The Science.
Why these three molecules. Why these doses. Why it matters now.
Your cellular energy is already declining.
NAD+ is a coenzyme found in every cell of your body. It sits at the center of cellular energy production, DNA repair, and the activation of proteins called sirtuins that regulate how your cells age.
The problem is that NAD+ declines with age — significantly and consistently. A landmark 2012 study from the University of New South Wales measured NAD+ levels across age groups in healthy adults and found that levels drop by approximately 50% between the ages of 20 and 50. The decline is not sudden. It starts in your late 20s and accelerates across each decade.
When NAD+ drops, cellular energy production becomes less efficient. DNA repair slows. The biological processes that keep your cells functioning optimally become progressively impaired. This is not a disease — it is a predictable consequence of aging that modern longevity research has been focused on addressing for over two decades.
Why three molecules and not one.
Most NAD+ supplements give you a single ingredient — usually nicotinamide riboside (NR) or nicotinamide mononucleotide (NMN) — and call it done. The research suggests this is incomplete.
NAD+ doesn't work in isolation. An enzyme called CD38 actively degrades NAD+ in your body, and its activity increases with age — which is part of why NAD+ declines in the first place. Supplementing NAD+ without addressing CD38 is like filling a bucket with a hole in it.
Quercetin is a natural CD38 inhibitor. Studies have shown that quercetin reduces CD38 activity, allowing NAD+ levels to be maintained more effectively. Without quercetin, a significant portion of supplemented NAD+ is degraded before it can be used.
Resveratrol activates a family of proteins called sirtuins — specifically SIRT1 — which are NAD+-dependent. Sirtuins regulate cellular stress responses, DNA repair, and metabolic function. Resveratrol without adequate NAD+ has nothing to activate. NAD+ without resveratrol leaves the sirtuin pathway underutilized. The two work together.
The three-molecule combination — NAD+ precursor, quercetin to preserve it, resveratrol to activate the pathways it powers — represents the most complete approach to NAD+ supplementation currently supported by the available research.
Why clinical doses matter.
The research on NAD+ precursors, quercetin, and resveratrol uses specific doses.
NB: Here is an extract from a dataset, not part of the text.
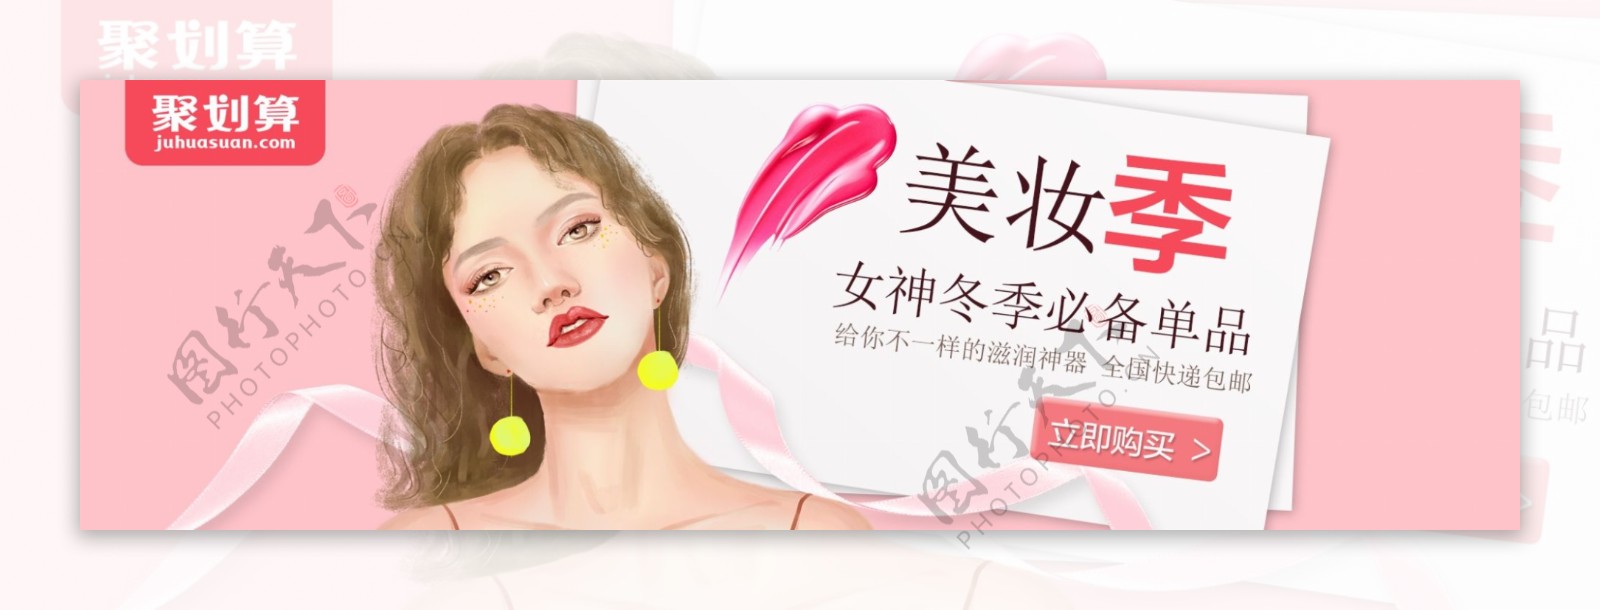 化妆品促销淘宝banner

Most studies examining NAD+ precursor efficacy use doses between 250mg and 1000mg daily. Quercetin studies examining CD38 inhibition use doses between 100mg and 500mg. Resveratrol studies examining sirtuin activation use doses between 100mg and 500mg.
Most supplements in this category either underdose — providing token amounts that fall below the ranges studied — or hide their doses inside proprietary blends that make it impossible to verify what you're actually getting.
Reloom uses 500mg NAD+, 250mg Quercetin, and 150mg Resveratrol. These doses sit within the ranges used in published research. Nothing is hidden. Every amount is stated on the label.
References.
Massudi H, et al. (2012). Age-associated changes in oxidative stress and NAD+ metabolism in human tissue. PLOS ONE. University of New South Wales.
Camacho-Pereira J, et al. (2016). CD38 dictates age-related NAD decline and mitochondrial dysfunction through an SIRT3-dependent mechanism. Cell Metabolism.
Yoshino J, et al. (2011). Nicotinamide mononucleotide, a key NAD+ intermediate, treats the pathophysiology of diet and age-induced diabetes in mice. Cell Metabolism.
Baur JA, et al. (2006). Resveratrol improves health and survival of mice on a high-calorie diet. Nature.
Howells LM, et al. (2011). Phase I randomized double-blind pilot study of micronized resveratrol in patients with hepatic metastases. Cancer Prevention Research.
Disclaimer
These statements have not been evaluated by the Food and Drug Administration. This product is not intended to diagnose, treat, cure, or prevent any disease. The research referenced on this page pertains to the individual ingredients in Reloom and does not constitute a claim that Reloom itself has been clinically tested.